The work has a complex genesis. Originally, Strauss's collaborator Hugo von Hofmannsthal had the idea of reviving Molière's 1670 play Le bourgeois gentilhomme, simplifying its plot, introducing a commedia dell'arte troupe, adding incidental music, and concluding what would be a long evening with a newly written one-act opera called Ariadne auf Naxos. This idea did materialize, as planned, in Stuttgart on 25 October 1912. But it was apparent that the result was too long and expensive and that many in the audience for the play were uninterested in the opera, and vice versa. Strauss and Hofmannsthal accordingly opted to separate the two works entirely. In the case of the opera, this meant Strauss composing a new “Prologue” for it to explain the presence of the comedians. (The revised Ariadne auf Naxos premiered four years later and has been a success ever since.) As regards the play, Hofmannsthal devised an ending closer to Molière's original, with Strauss adding to his existing incidental music to support the new conclusion. This premiered in 1917.

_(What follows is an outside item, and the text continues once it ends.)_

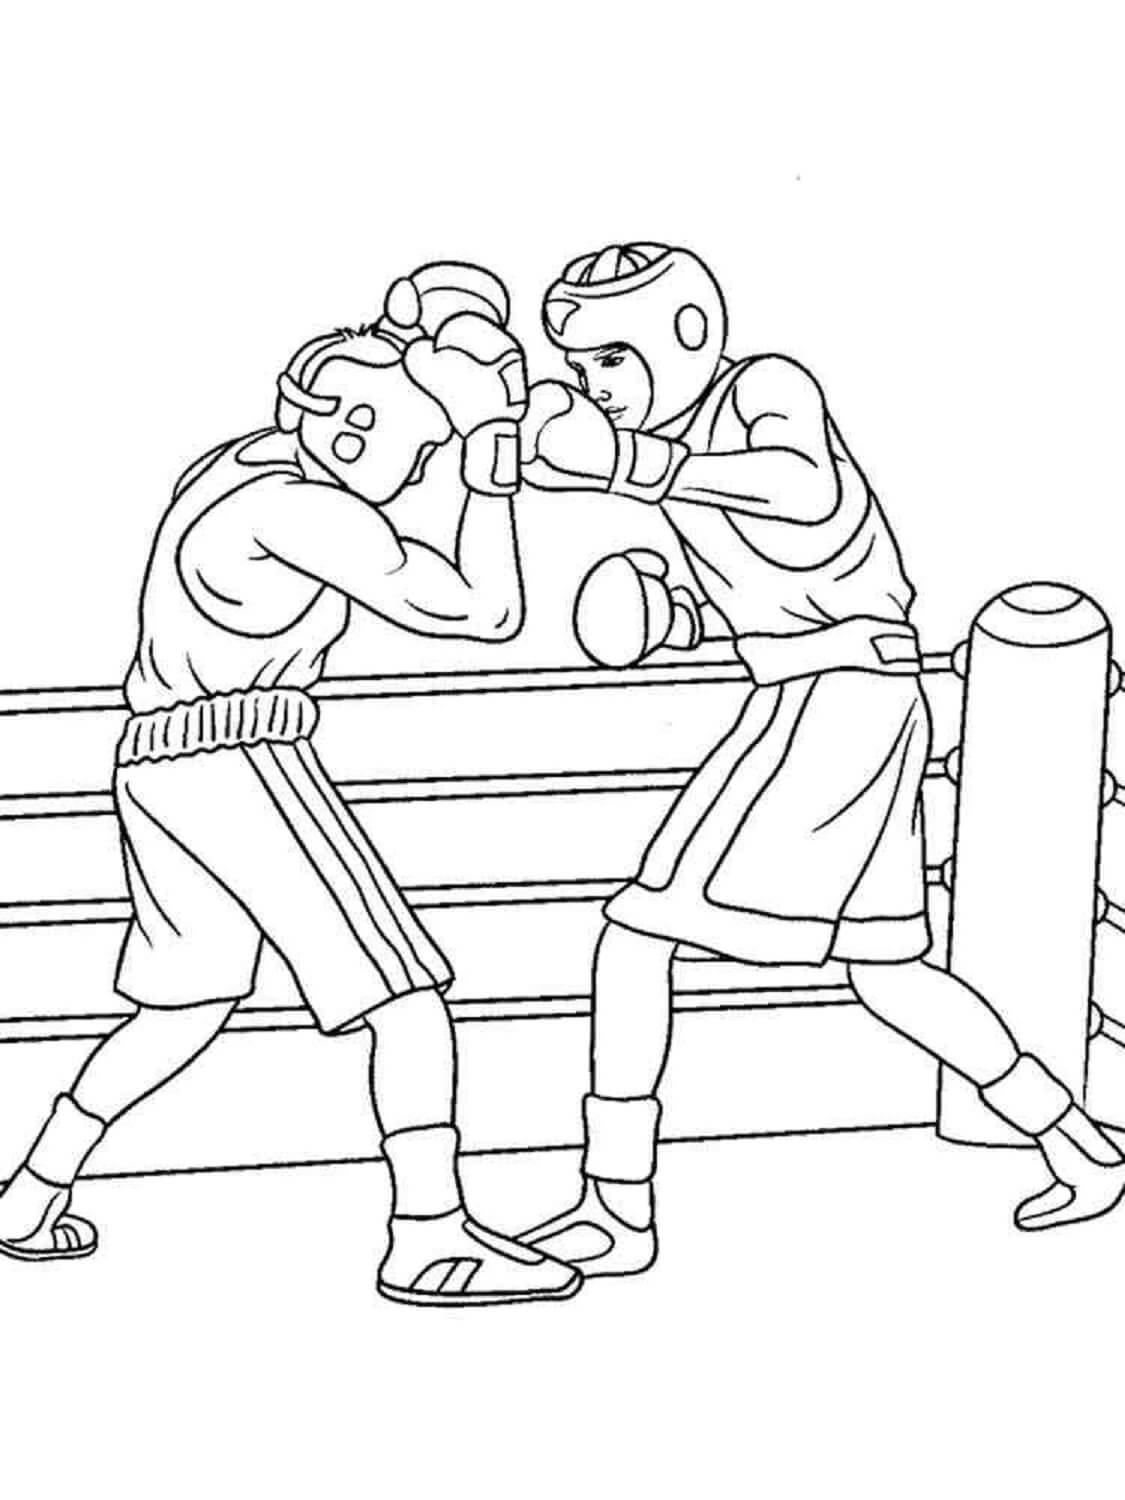 Dibujos de Dos Boxeadores Peleando para colorear

An adaptation of Moliere's play by Peter Ustinov was presented and recorded in 1997 with Ustinov narrating and playing the parts, incorporating Strauss's music.

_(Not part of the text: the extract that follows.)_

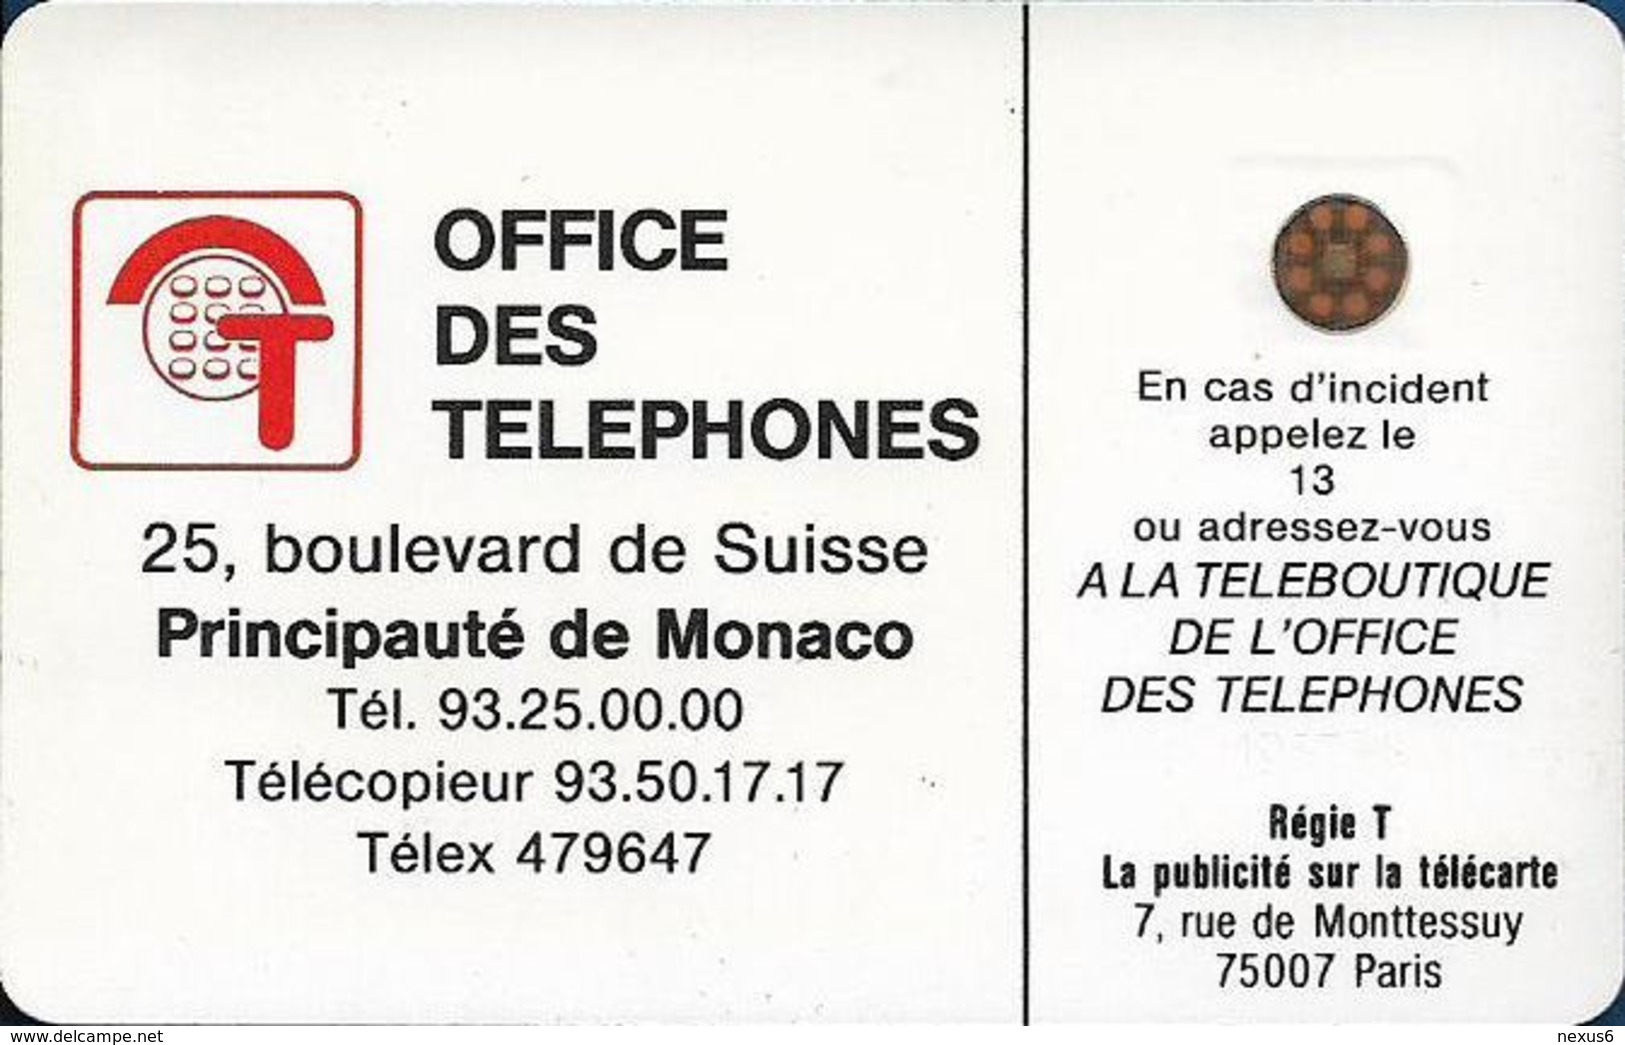 Monaco - MF1 - Rocher De Monaco - Cn. 106771 - 08.1989, SC4 GB, 50Units, 10.200ex, Used - Monaco

It was from the now-lengthened incidental music that Strauss compiled his orchestral suite. He finished this task on Christmas Day 1917, and the resulting concert work received its premiere in Berlin on 9 April 1918 with Strauss himself conducting. The suite lasts half an hour and is in nine sections:
1. Ouverture (Overture)
2. Menuett (Minuet)
3. Der Fechtmeister (The Fencing Master)
4. Auftritt und Tanz der Schneider (Entry and Dance of the Tailors)
5. Menuett des Lully (Lully's Minuet)
6. Courante
7. Auftritt des Cléonte (Entry of Cléonte; after Lully)
8. Vorspiel (Intermezzo)
9. Das Diner (The Dinner)

Omitted from the suite were ballets added for the 1917 version of the play: one for sylphs, another for pretend-Turks. Strauss's Opus 60 is unusual among his works in having a distinct baroque flavor. In fact he based sections 5 to 7 on music by Jean-Baptiste Lully, who had provided the original incidental music in 1670 and was as much a collaborator with Molière as Strauss and Hofmannsthal were centuries later. The few other so-called Neo-Classical works by Strauss also found inspiration in the French Baroque: his 1923 Dance suite after keyboard pieces by François Couperin and his 1942 Divertimento for chamber orchestra after keyboard pieces by Couperin, Opus 86.

==Instrumentation==

- Woodwind: 2 flutes (1 doubling piccolo), 2 oboes (2 with English horn), 2 clarinets, 2 bassoons (2nd doubling contrabassoon)
- Brass: 2 horns, 1 trumpet, 1 bass trombone
- Percussion: timpani and 3 players playing cymbals, tambourine, triangle, bass drum, snare drum, glockenspiel
- Keyboard: piano
- Strings: harp, violins, violas, cellos, double basses

==Sources==
- Program notes by Stephen Rose to Christopher Hogwood's recording with the Kammerorchester Basel (Arte Nova Classics 82876 61103-2)
- David Nice "Between Two Worlds" pp. 13–18 of the programme to the 2008 Royal Opera House production of Ariadne auf Naxos.
- Trenner, Franz. Richard Strauss Chronik, Verlag Dr Richard Strauss Gmbh, Wien, 2003. ISBN 3-901974-01-6.